→ **What is needed**
A word-for-word copy of the data, with no images, is the required answer.

→ **The data**
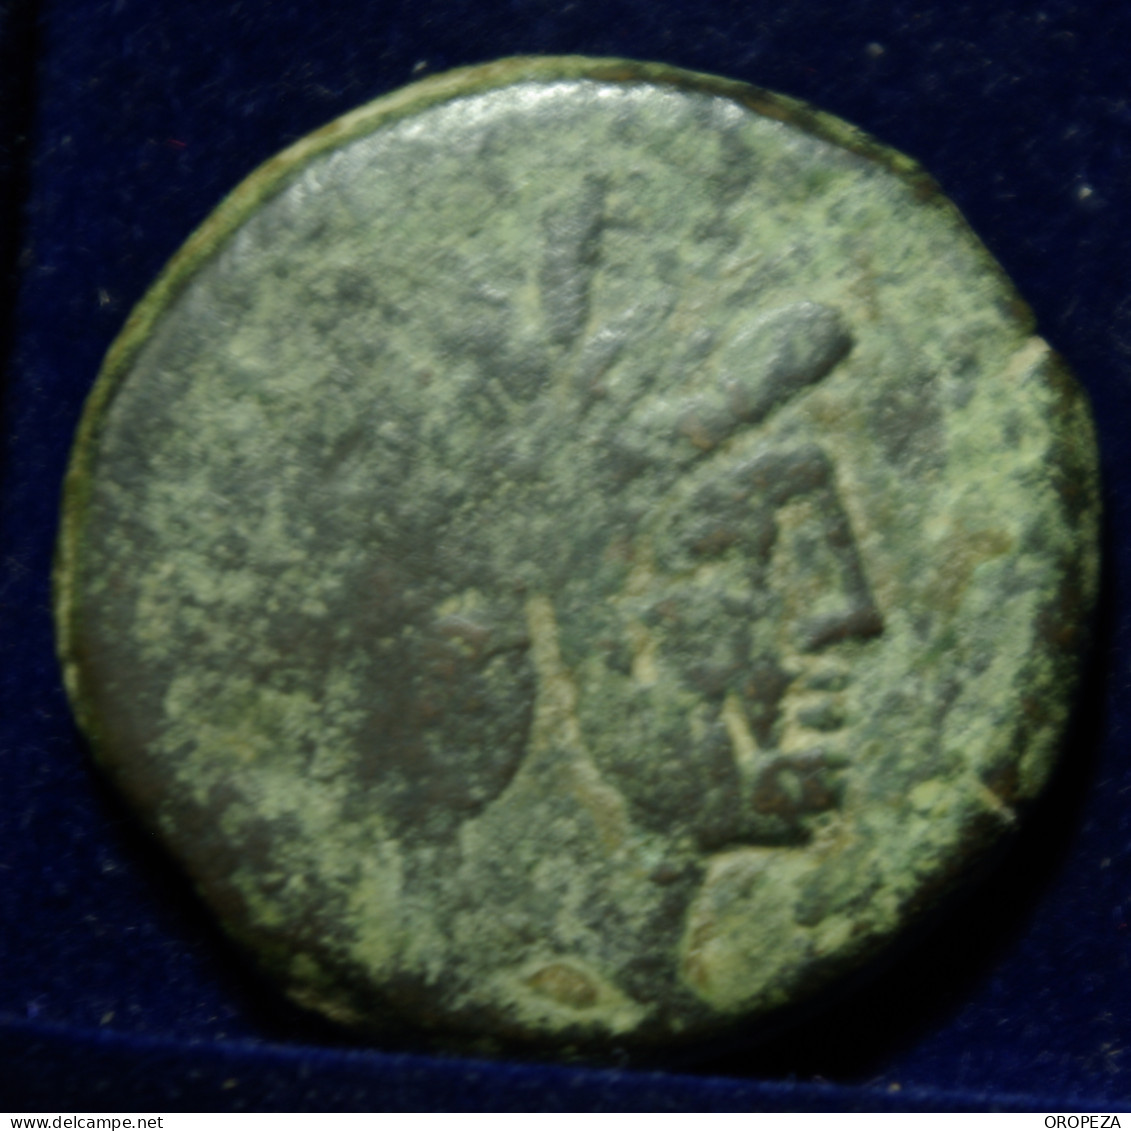 102  -  BONITO  AS  DE  JANO - SERIE SIMBOLOS -   ARADO - MBC - Republic (280 BC To 27 BC)
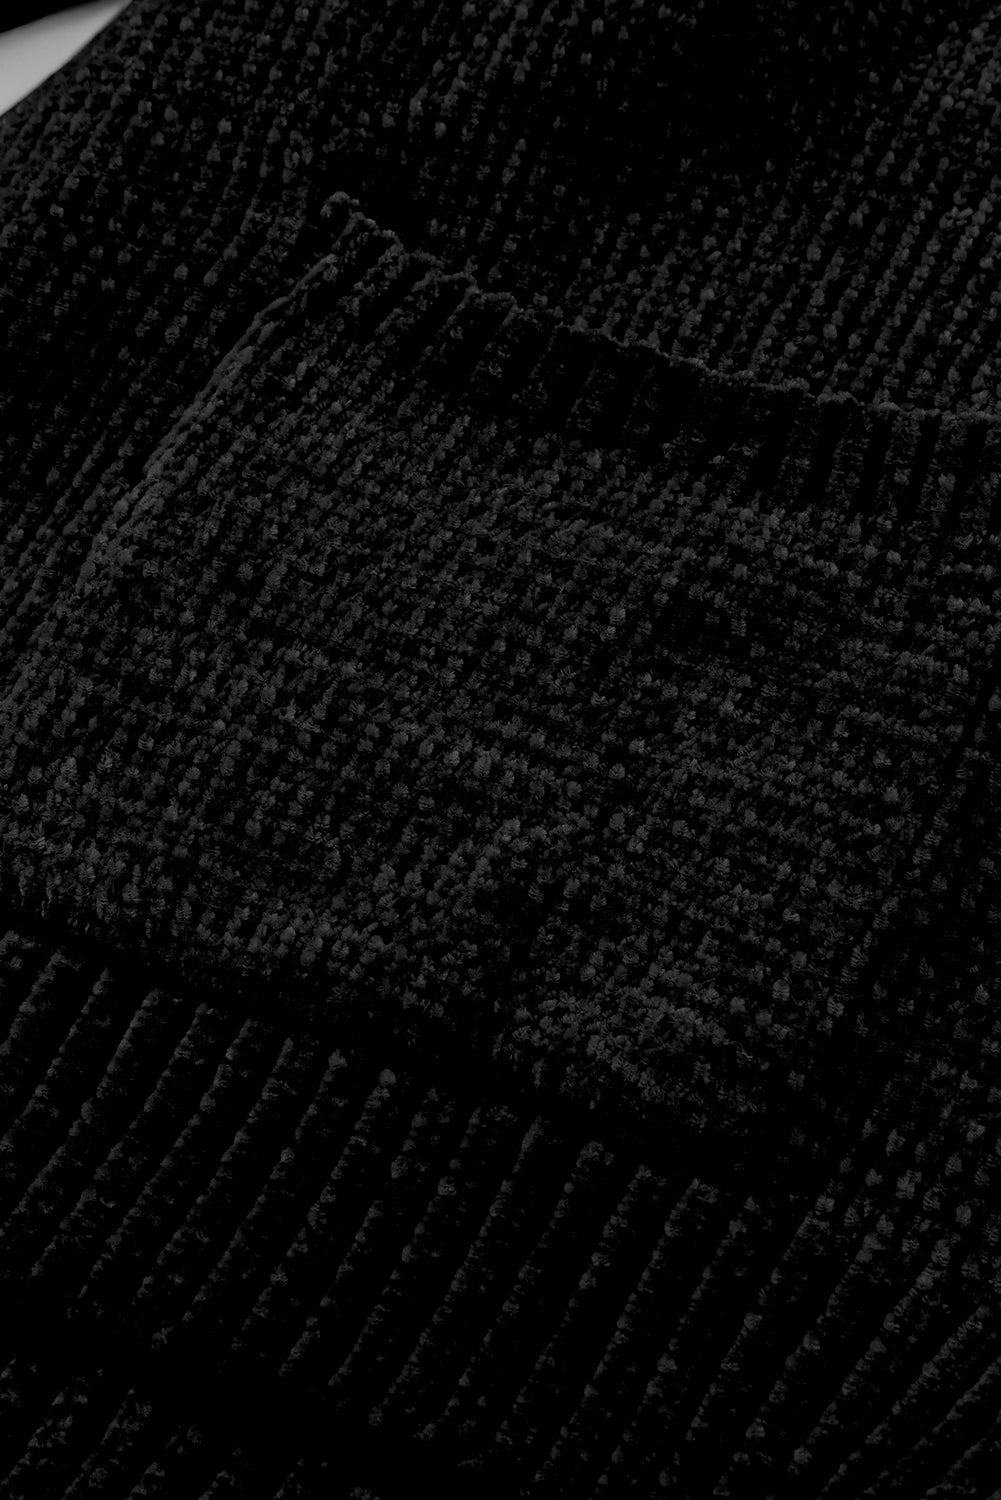 Schwarzer Pullover-Cardigan mit Knöpfen vorne und Taschen
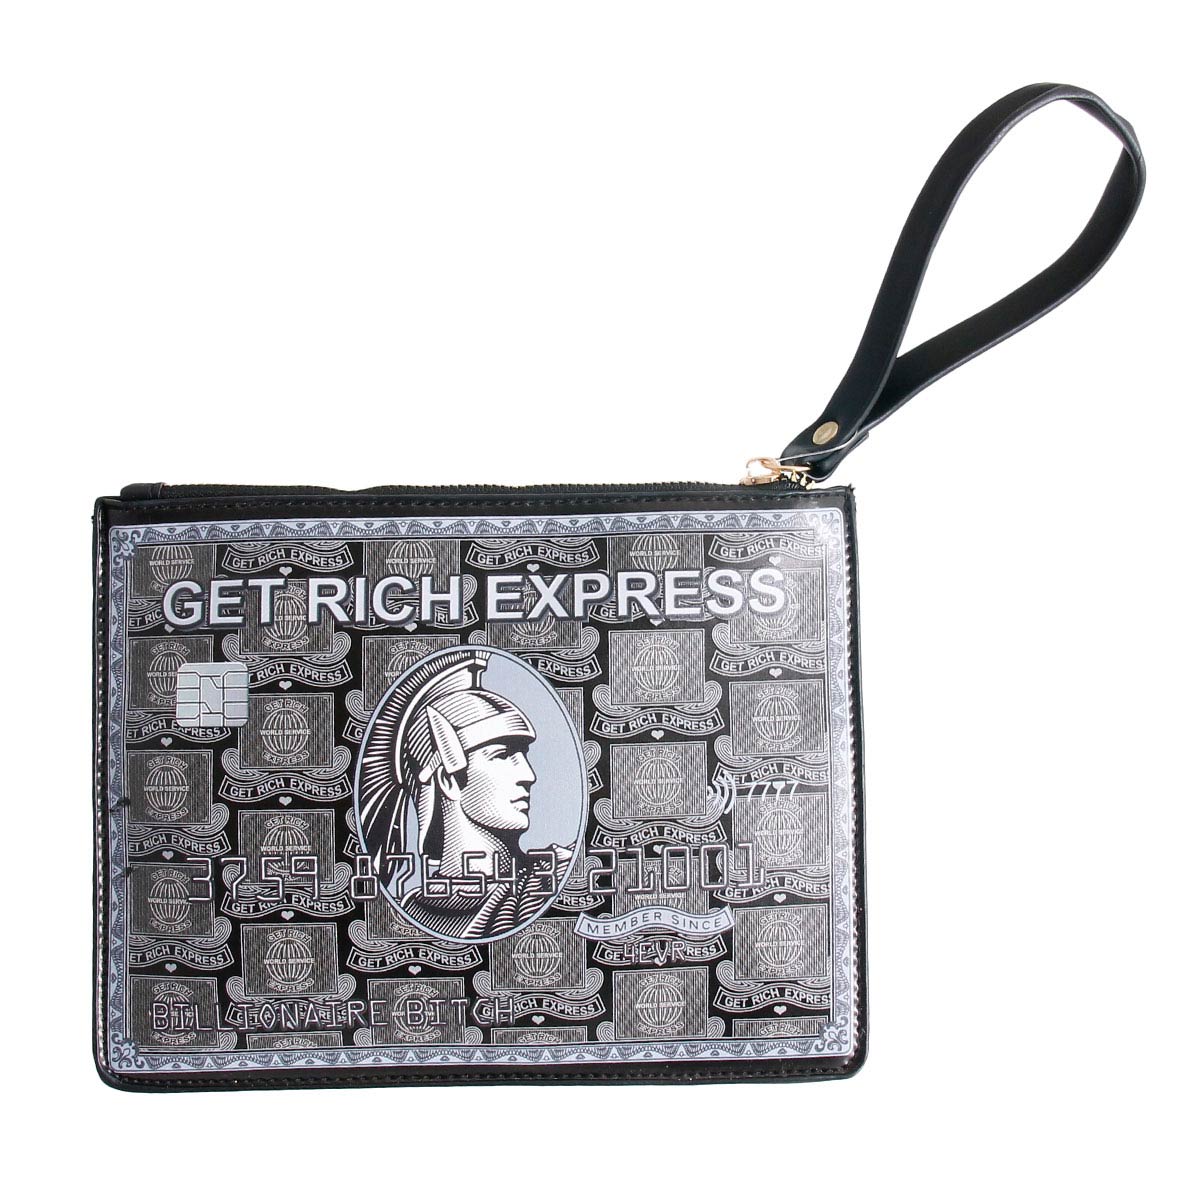 Black Express Card Clutch

→ **Exercise solution**
 102  -  BONITO  AS  DE  JANO - SERIE SIMBOLOS -   ARADO - MBC - Republic (280 BC To 27 BC)
 Schwarzer Pullover-Cardigan mit Knöpfen vorne und Taschen
 Black Express Card Clutch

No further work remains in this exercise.